Die casting molds are a method of casting liquid metal using a specialized die casting machine. The basic process involves low or high-speed casting of the metal into the cavity of the mold, which has a movable cavity surface that forges the metal as it cools, eliminating defects like shrinkage and loosening and achieving a fractured crystal grain structure. This greatly improves the comprehensive mechanical performance of the casting.
Coating technology, including chemical plating.
Improvement technologies for traditional heat treatment processes.
Surface modification technologies, including surface thermal diffusion treatment, surface phase transformation reinforcement, and electric spark reinforcement.
As there are many materials that can be used as die casting molds, the same surface treatment technologies and processes may produce different effects on different materials. Manufacturers have developed substrate pretreatment technologies based on different mold materials and surface treatment technologies. This optimizes the processing technology for different mold materials, improving the performance of the molds and extending their lifespan. Another direction in heat treatment technology is to combine traditional heat treatment processes with advanced surface treatment technologies to improve the mold's lifespan.
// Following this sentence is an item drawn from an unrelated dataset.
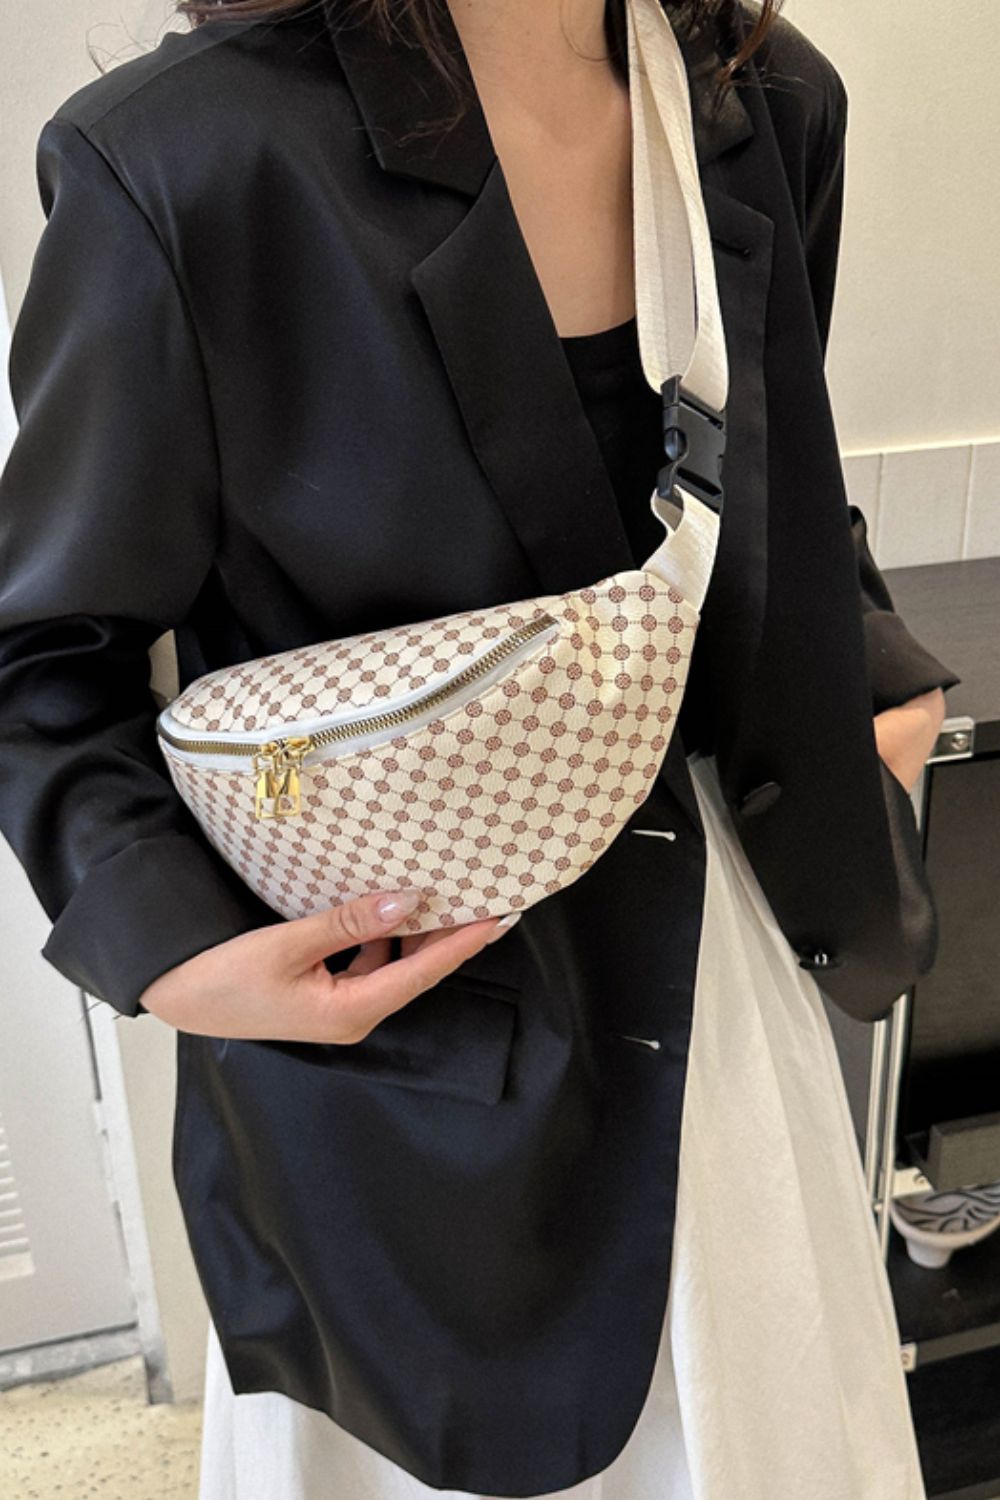 Simply Chic Boutique - A fun way to wear the Louis Vuitton Damier

For example, the process of carbonitriding using chemical heat treatment, combined with conventional quenching and tempering processes, is a composite reinforcement called NQN (carbonitriding-quenching-carbonitriding). This process not only achieves a higher surface hardness, but also increases the effective hardening depth, improves the carbonitriding layer hardness gradient distribution, and enhances the stability and corrosion resistance of tempering, which greatly improves the surface quality and performance of die casting molds while maintaining good internal performance.
This type of process includes carbonitriding, nitriding, boronizing, carbonitride-boriding, sulfur-carbonnitriding, etc. Carbonitriding processes can improve the lifespan of both cold, hot, and plastic molds. There are mainly solid powder carbonitriding, gas carbonitriding, vacuum carbonitriding, ion carbonitriding, and carbonitride combined with nitrogen elements in carbonitride atmosphere. Vacuum carbonitriding and ion carbonitriding are technologies that have emerged in recent years. The technology has the characteristics of high speed, uniform carbon concentration, gentle carbon concentration gradient, and small workpiece deformation, making it more and more important in the surface treatment of molds, especially precision molds.